Q1: Who won the most medals in Paris 2024?
Q2: Who won the most gold medals in Paris 2024?
Q3: Which country has the most medallists in Paris 2024?

Q1: Who won the most medals in Paris 2024?

df_clean |>
  group_by(name) |>
  summarise(medal_count = n()) |>
  arrange(desc(medal_count)) |>
  head(10)

Q2: Who won the most gold medals in Paris 2024?

df_clean |>
  filter(medal_type == "Gold Medal") |>
  group_by(name) |>
  summarise(gold_count = n()) |>
  arrange(desc(gold_count)) |>
  head(10)

Q3: Which country has the most medallists in Paris 2024?

df_clean |>
  group_by(country) |>
  summarise(medallist_count = n()) |>
  arrange(desc(medallist_count)) |>
  head(10)

14.4 Visualization

Bar Chart

We will use a bar chart to show top 20 country with most medallists in Paris 2024.

df_clean |>
  group_by(country) |>
  summarise(medallist_count = n()) |>
  arrange(desc(medallist_count)) |>
  head(20) |>
1  ggplot(aes(x = reorder(country, medallist_count), y = medallist_count)) +
2  geom_col() +
3  coord_flip() +
  labs(title = "Top 20 Countries with Most Medallists in Paris 2024",
       x = "Country",
       y = "Number of Medallists") +
  theme_minimal()

1: Use reorder() to reorder countries based on the number of medallists.
2: Use geom_col() to create a bar chart.
3: Use coord_flip() to flip the x and y axes because we want to show the countries on the y-axis for better readability.

Note

Why do we need to “reorder()” even if we have already used “arrange()”? 1. arrange(): This function reorders the rows of the data frame based on a variable, but it doesn’t change the internal ordering of factor levels in R. Factor levels determine how categorical variables (like country) are displayed on the plot’s axes. 2. reorder(): In the aes() function of ggplot(), reorder(country, medallist_count) specifically reorders the factor levels of country based on the values of medallist_count. This ensures that when plotting, the countries with the highest medallist_count are shown in the order you want on the x-axis (or y-axis).

Scatter Plot

We will use a scatter plot to show the relationships between the number of medals and the age of the medallists.

df_clean |>
  mutate(age = 2024 - year(birth_date)) |>
  filter(is.na(age) == FALSE) |>
  group_by(age) |>
  summarise(medallist_count = n()) |>
1  ggplot(aes(x = age, y = medallist_count)) +
2  geom_point() +
3  geom_smooth(method = "lm") +
  labs(title = "Relationship between Age and Number of Medallists",
       x = "Age",
       y = "Number of Medallists") +
  theme_minimal()

1: Use aes() to specify the x and y variables.
2: Use geom_point() to create a scatter plot.
3: Use geom_smooth(method = "lm") to add a linear regression line to the plot.
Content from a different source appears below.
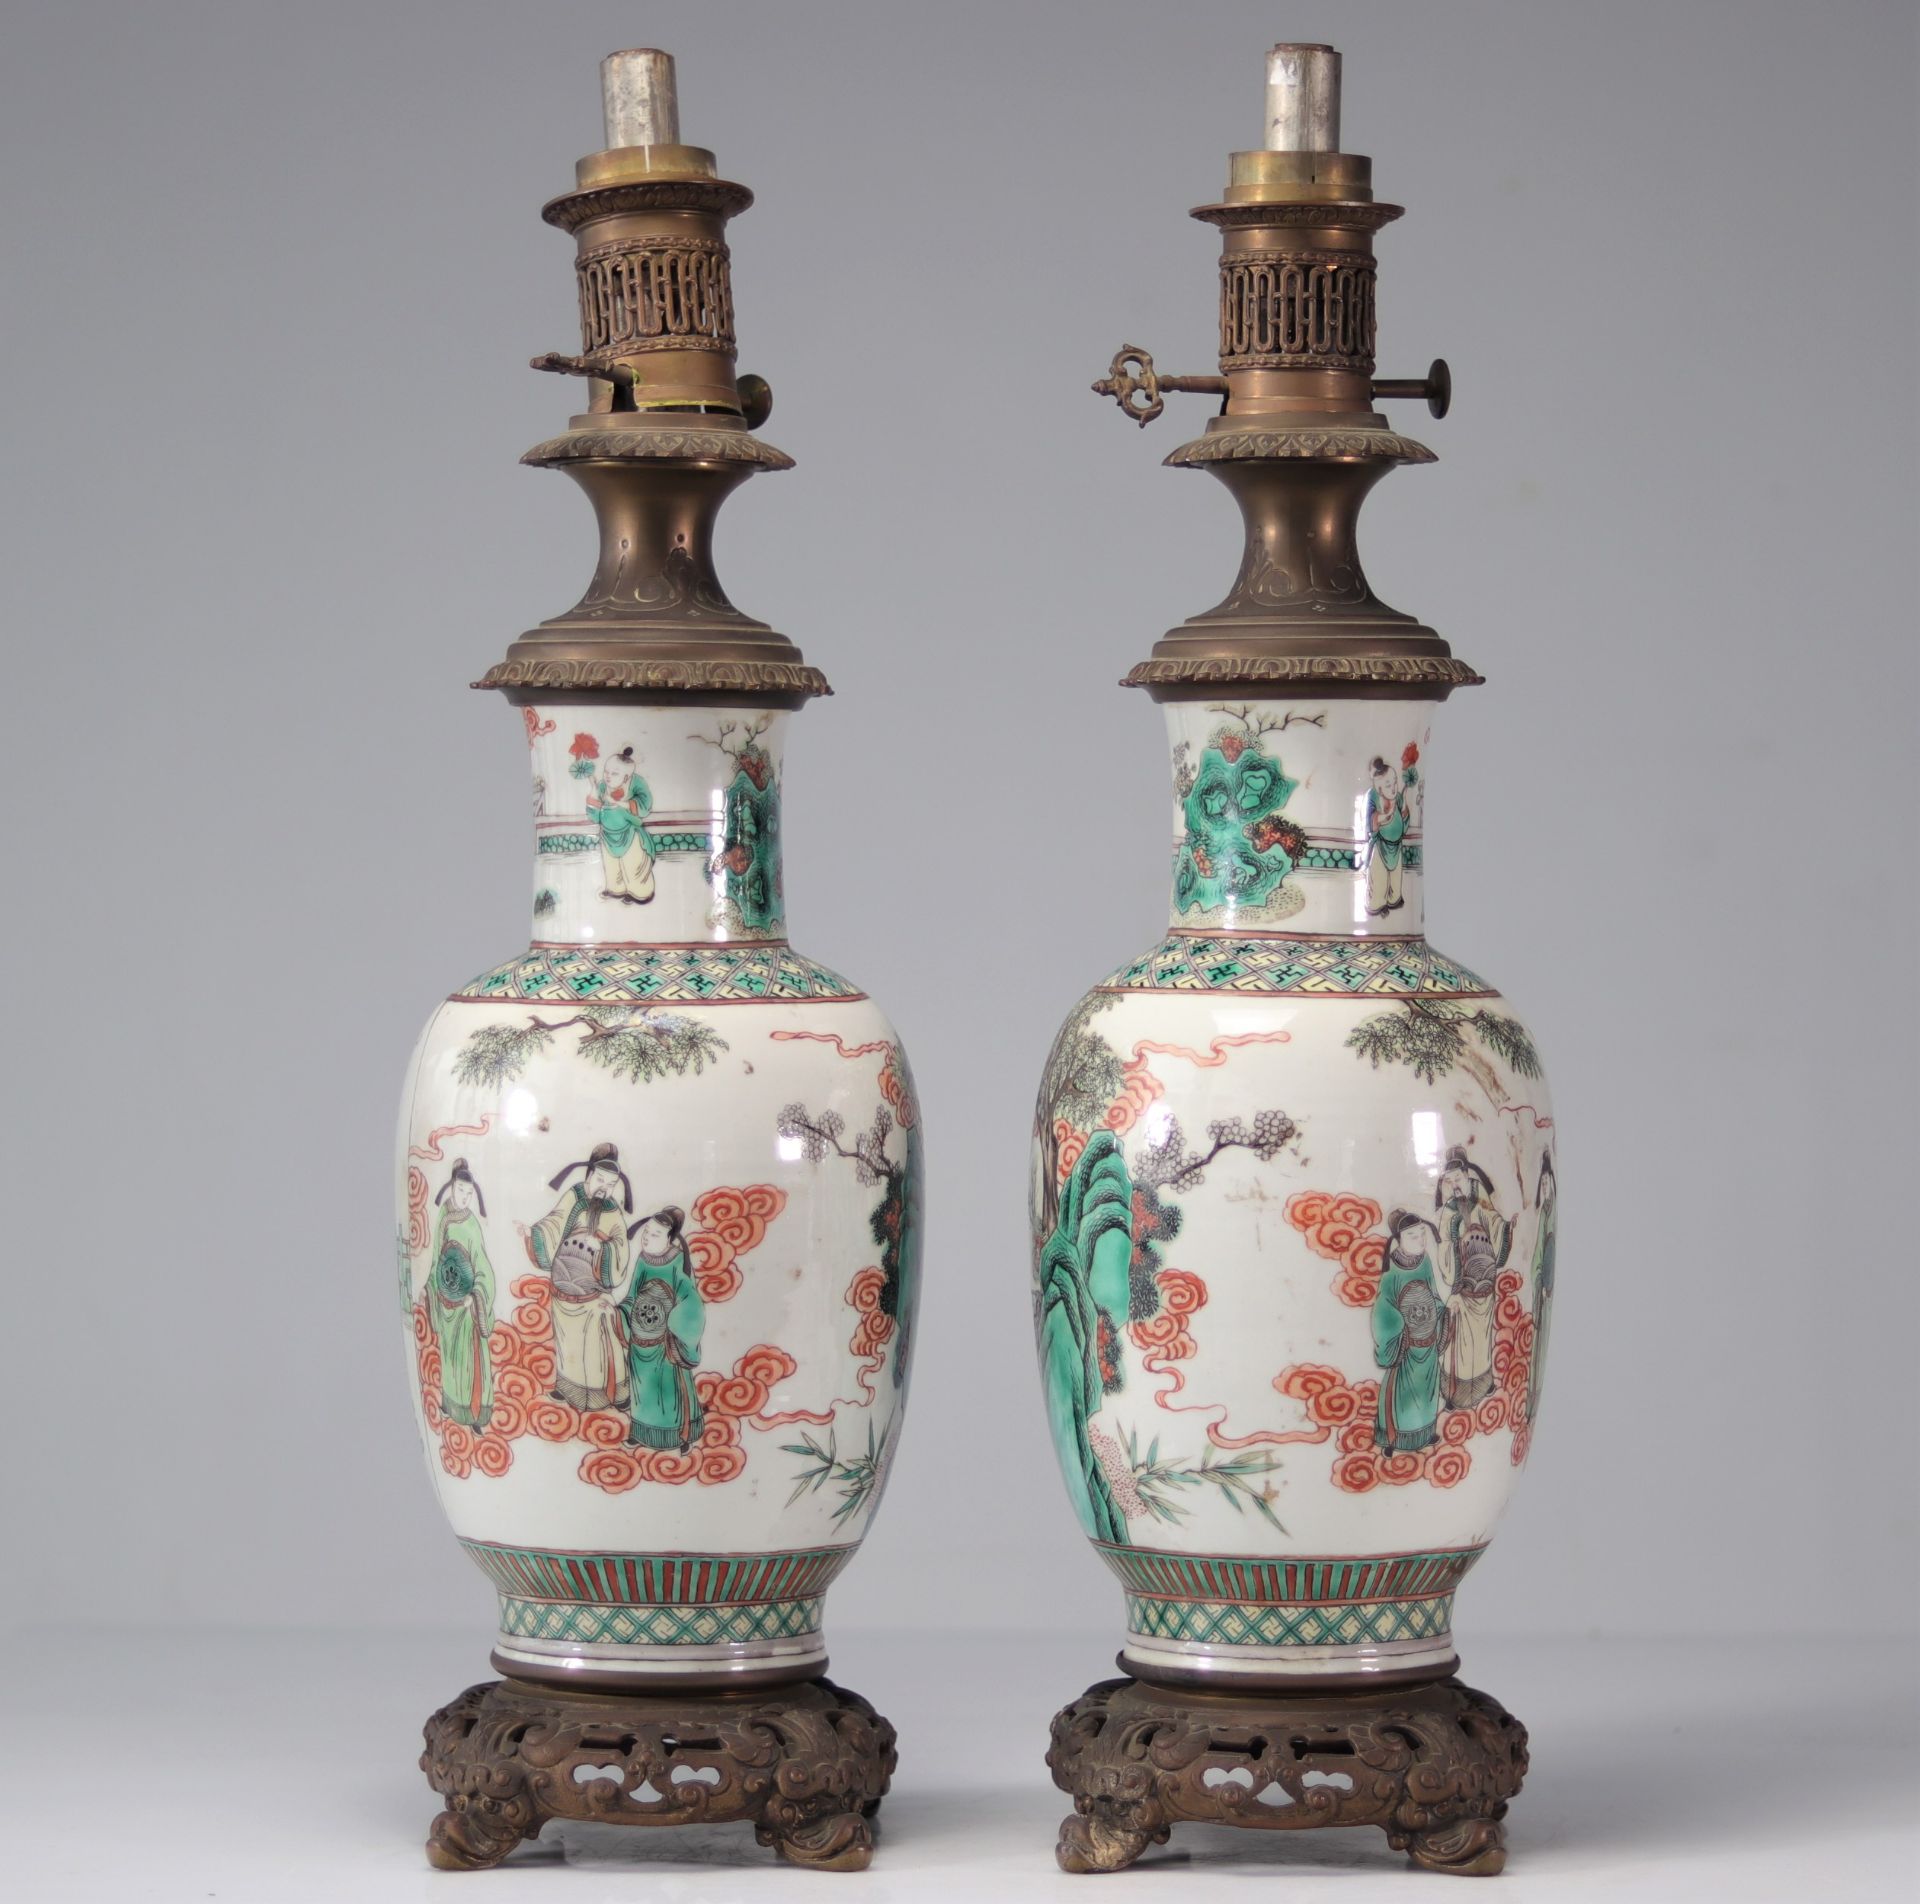 Pair of famille verte porcelain vases decorated with characters

`geom_smooth()` using formula = 'y ~ x'

World map

Use a world map to show the distribution of medallists in Paris 2024.
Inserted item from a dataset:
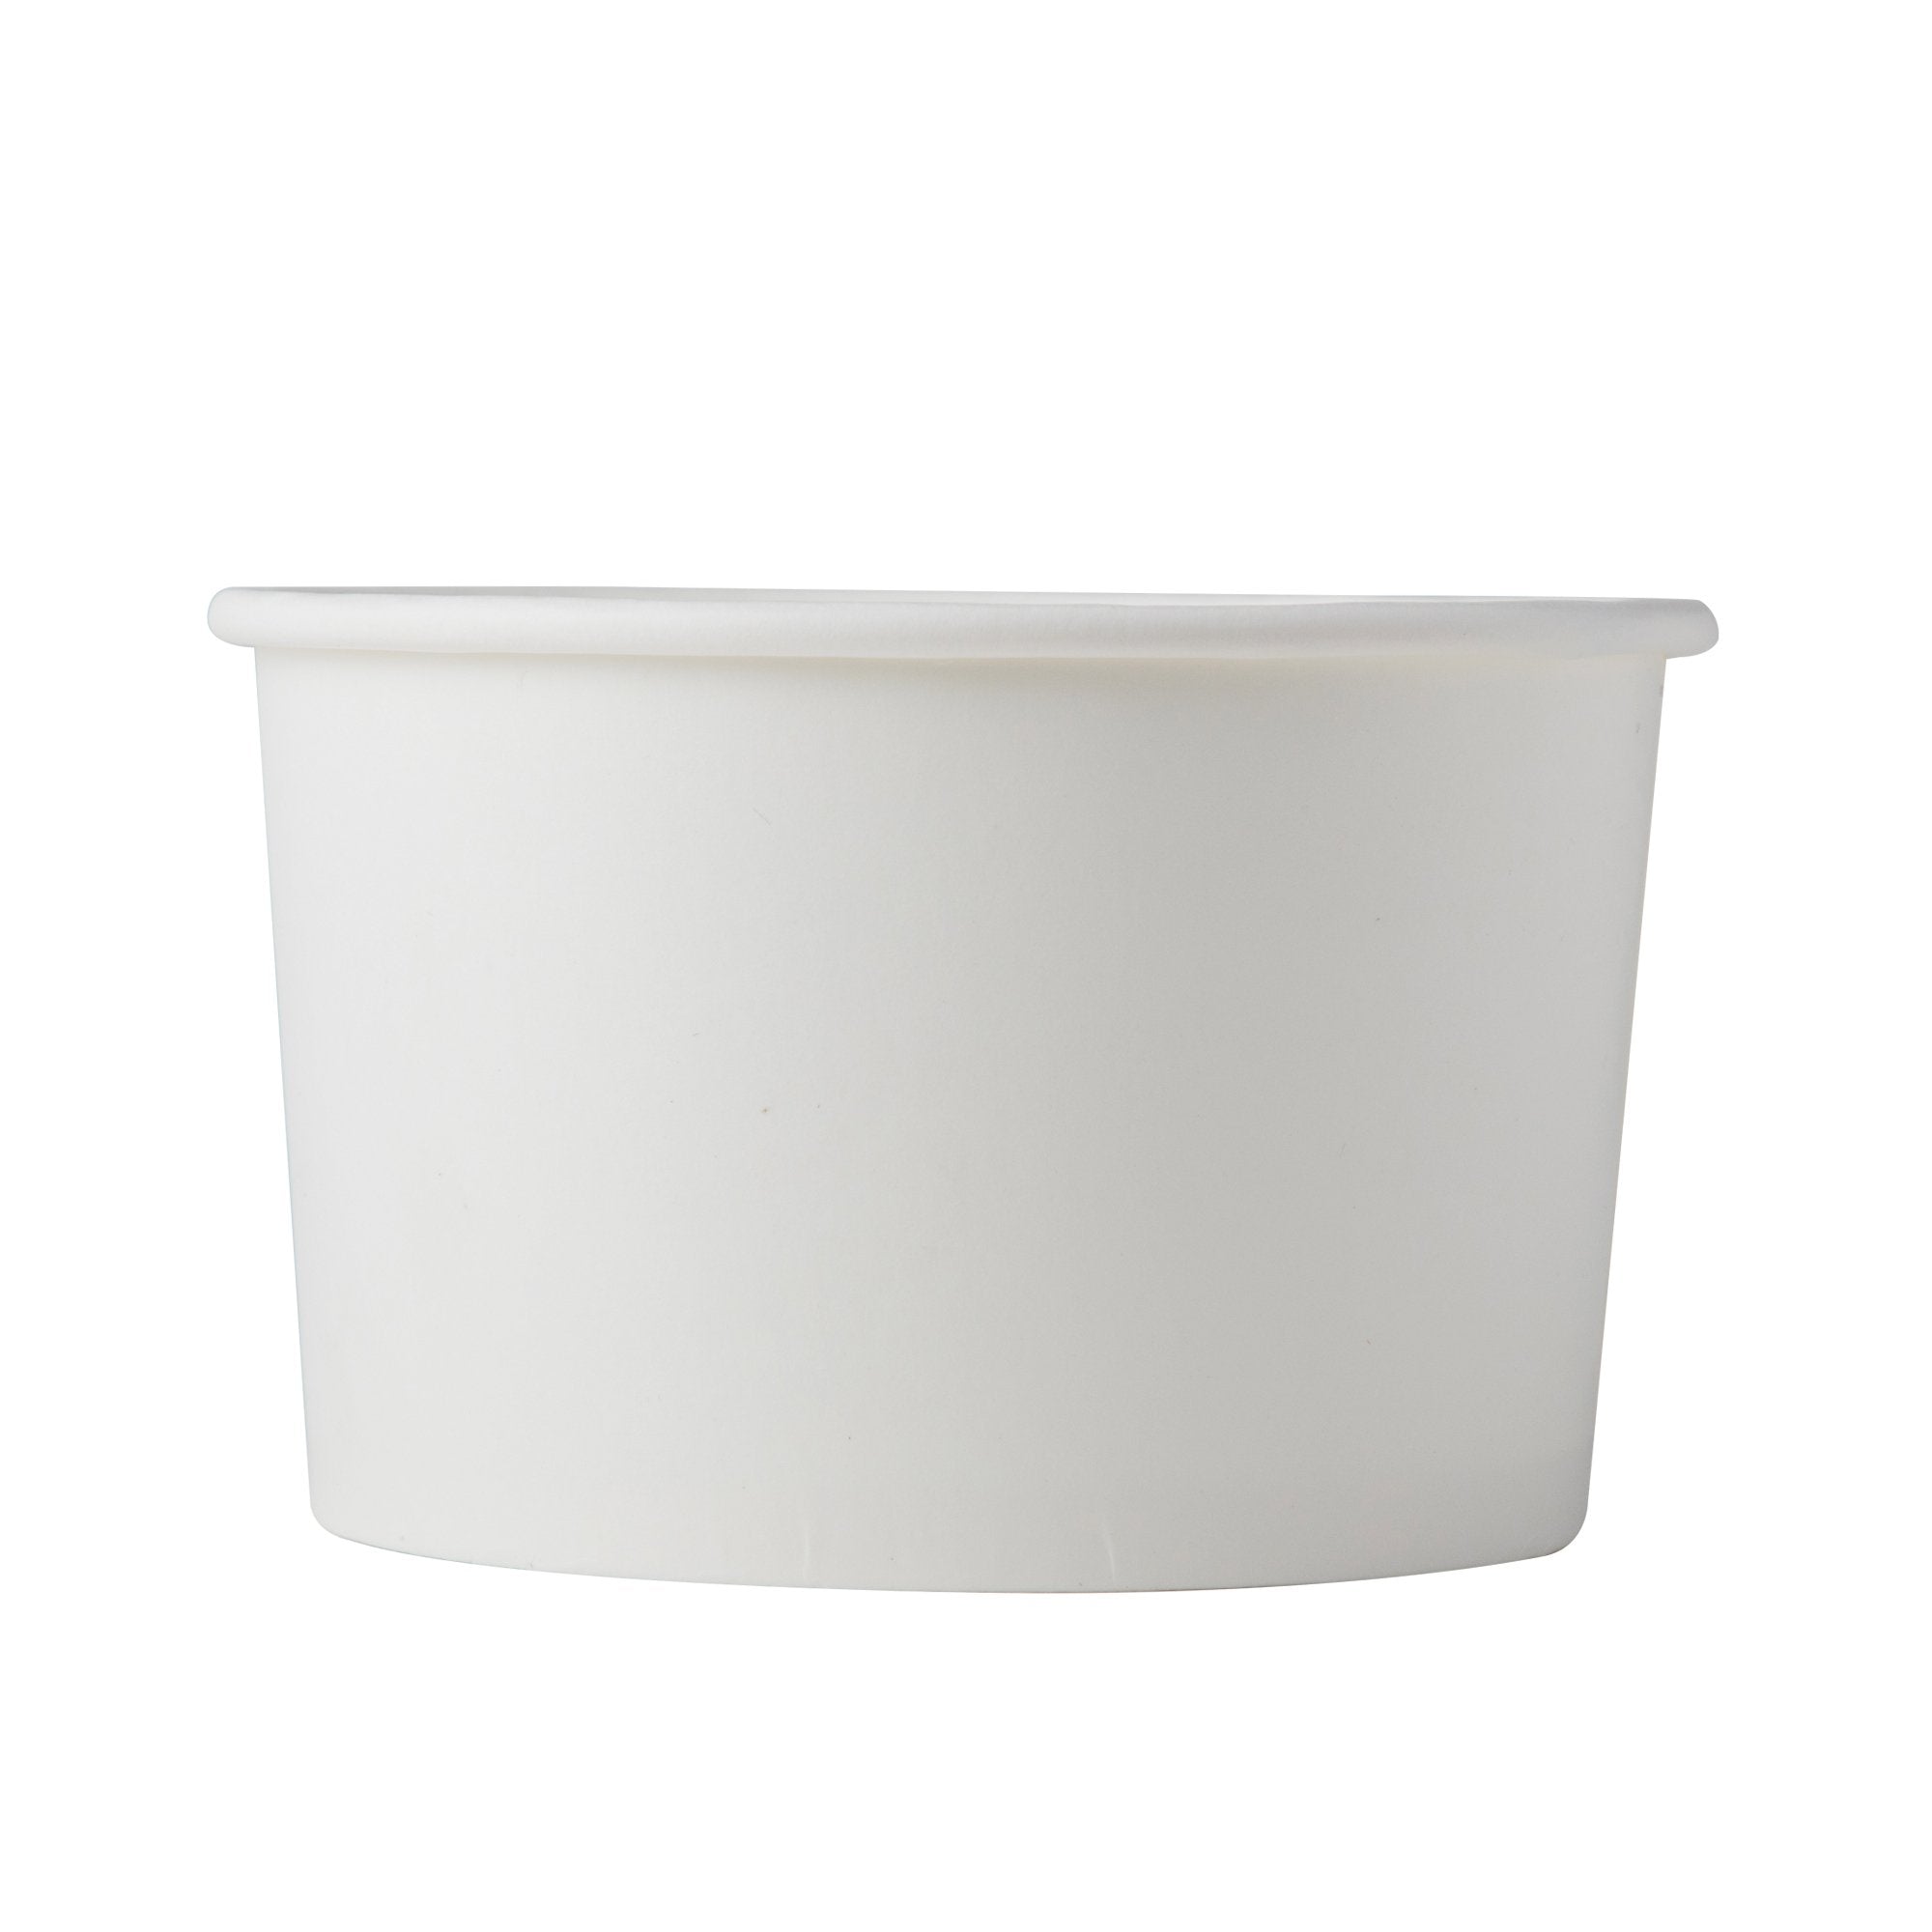 Choice 1/2 Gallon White Paper Frozen Yogurt / Food Cup with

Here we will use two packages: rnaturalearth and rnaturalearthdata to get the world map data. The rnaturalearth package provides access to the Natural Earth dataset, which contains a variety of geospatial data, including country boundaries. The rnaturalearthdata package contains the data files needed to create maps using the rnaturalearth package.

library(rnaturalearth)
library(rnaturalearthdata)

1: Use ne_countries() to get the world map data. The scale parameter specifies the level of detail for the map, and the returnclass parameter specifies the class of the returned object (in this case, a simple features object).
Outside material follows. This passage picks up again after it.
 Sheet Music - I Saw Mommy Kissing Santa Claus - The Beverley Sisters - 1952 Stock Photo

Attaching package: 'rnaturalearthdata'

The following object is masked from 'package:rnaturalearth':

    countries110

1world <- ne_countries(scale = "medium", returnclass = "sf")

df_clean |>
  group_by(country_code) |>
  summarise(medallist_count = n()) |>
1  left_join(world, by = c("country_code" = "iso_a3")) |>
2  ggplot() +
3  geom_sf(aes(fill = medallist_count, geometry = geometry)) +
4  scale_fill_viridis_c(option = "B", direction = -1, begin = 0.3, end = 0.8) +
  labs(title = "Distribution of Medallists in Paris 2024") +
  theme_bw() +
  theme(
    panel.grid.major = element_blank(),  # Remove major grid lines
    panel.grid.minor = element_blank(),  # Remove minor grid lines
    axis.text = element_blank(),         # Remove axis text
    axis.title = element_blank(),        # Remove axis titles
    axis.ticks = element_blank(),        # Remove axis ticks
    panel.border = element_blank(),      # Remove panel border if desired
    plot.background = element_rect(fill = "white", colour = NA),  # Set plot background color
    legend.position = "bottom",          # Adjust legend position
    plot.title = element_text(hjust = 0.5)  # Center the plot title
  )

1: Use left_join() to join the world data with the df_clean data based on the country_code and iso_a3 columns. iso_a3 is the ISO 3166-1 alpha-3 country code, such as “USA” for the United States.
2: Use ggplot() to create a plot.
3: Use geom_sf() to create a map. The fill aesthetic is set to medallist_count to color the map based on the number of medallists in each country. The geometry aesthetic specifies the geometry column in the world data, which means the map will be drawn based on the country boundaries.
4: Use scale_fill_viridis_c() to set the color scale for the map. The option parameter specifies the color palette, direction specifies the direction of the color gradient, and begin and end specify the color range.

Note

geom_sf is a function in the ggplot2 package used to visualize simple features (spatial data) in R. It is specifically designed to handle geospatial objects, such as polygons, points, and lines that represent geographic data. The “sf” stands for simple features, a standard way to encode spatial vector data.